When we sit under a preacher, we must test what he says to make sure it actually comes from Scripture, for we want to receive the correct instruction. I notice that Paul writes to Timothy and does not include the idea that Scripture is profitable for supporting human teaching because it is not. Scripture is entirely sufficient without our words being added to it. Though we might take measures to explain the text well, we should never use the text to support our own thoughts or philosophies. Scripture is much too sacred and much too holy for that. Over the last two and a half months, I have witnessed a variety of different “preachers.” While we are looking for an interim, they have been coming and preaching because that’s what preachers do. Some of them represent the text well, but some will only read the text before (or after) proselytizing their own life philosophy! This is a great woe in the church across America. We want a preacher who can baffle us with a story whether or not he teaches the actual Word of God. This last Sunday I watched with my jaw on the floor as the ‘preacher’ read Mark 16 and, instead of teaching the text, rapped and told some funny stories and made some life application that may or may not have been related to the text at all. A few weeks ago a man came in and told his life-story from the pulpit instead of spending time teaching a text.

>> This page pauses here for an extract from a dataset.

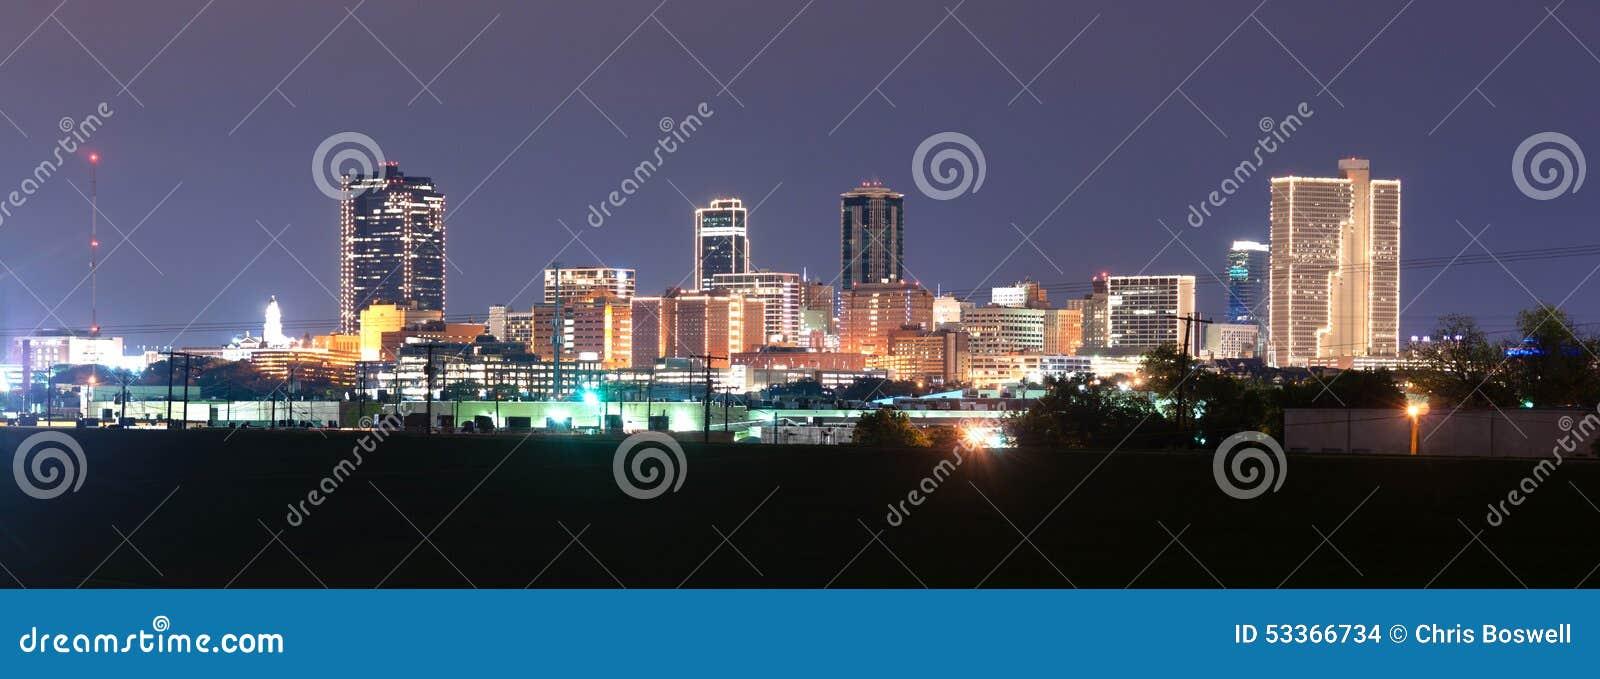 Στο κέντρο της πόλης ποταμός τριάδας οριζόντων του Fort Worth Τέξας αργά - νύχτα

This is exactly how we precipitate shallow Christianity in our churches and this has become one of my greatest pet peeves. Scripture is profitable for teaching. It is not profitable for us when we don’t teach the text of Scripture no matter how good it ‘sounds.’ Without the actual teaching of Scripture in our churches, we will not be complete and prepared for every good work. As we listen to the Word on Sunday mornings (and any other time we are together to hear the Word), let us be sure that we are actually hearing the word and not some man’s monologue that simply includes some Scripture to make it sound valid. Be careful little ears what you hear.